- Supreme Court of the United States

Argued November 3, 1975 Decided March 2, 1976
- Full case name: Paul Kern Imbler, Petitioner, v. Richard Pachtman, District Attorney.
- Citations: 424 U.S. 409 (more) 96 S. Ct. 984; 47 L. Ed. 2d 128; 1976 U.S. LEXIS 25

Case history
- Prior: 500 F.2d 1301 (9th Cir. 1974); cert. granted, 420 U.S. 945 (1975).

Holding
- A state prosecuting attorney who acts within the scope of his duties in initiating and pursuing a criminal prosecution and in presenting the State's case, is absolutely immune from a civil suit for damages under § 1983 for alleged deprivations of the accused's constitutional rights.

Court membership
- Chief Justice Warren E. Burger Associate Justices William J. Brennan Jr. · Potter Stewart Byron White · Thurgood Marshall Harry Blackmun · Lewis F. Powell Jr. William Rehnquist · John P. Stevens

Case opinions
- Majority: Powell, joined by Burger, Stewart, Blackmun, Rehnquist
- Concurrence: White, joined by Brennan, Marshall
- Stevens took no part in the consideration or decision of the case.

= Imbler v. Pachtman =

Imbler v. Pachtman, 424 U.S. 409 (1976), was a United States Supreme Court case in which district attorneys or prosecutors were found to have full immunity from civil suits resulting from their government duties.

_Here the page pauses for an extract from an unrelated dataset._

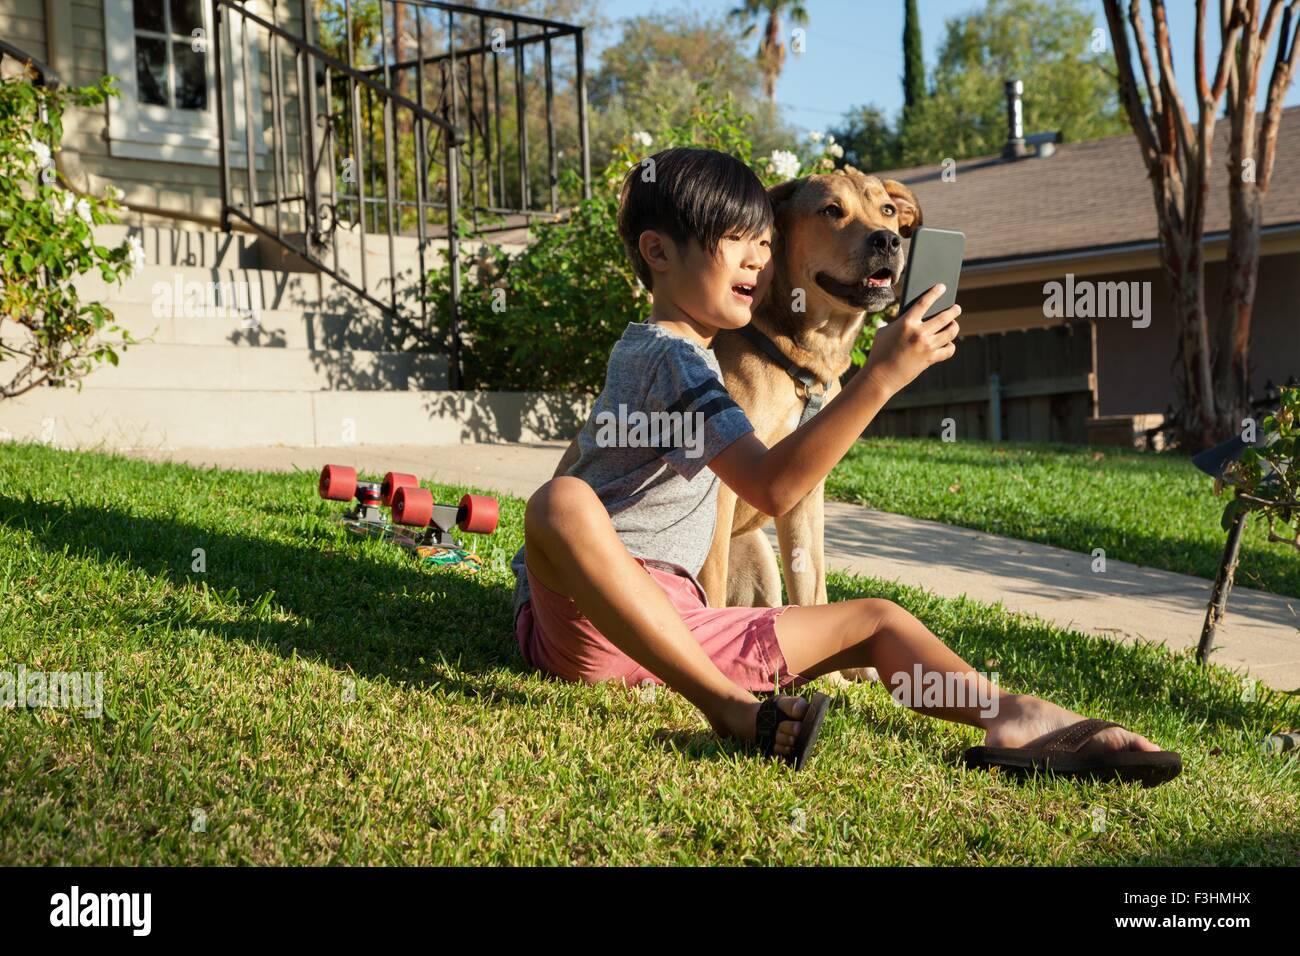 Junge posiert für Smartphone Selfie mit Hund im Garten Stockbild

Imbler, a defendant in a murder trial, had been convicted and sentenced when the district attorney, Pachtman, revealed new evidence that he said had recently surfaced and which exonerated Imbler. Imbler used the new evidence to successfully free himself, then brought up a civil suit alleging that Pachtman had withheld evidence. The suit, however, was dismissed on the grounds that Pachtman had prosecutorial immunity, a finding which the Supreme Court affirmed.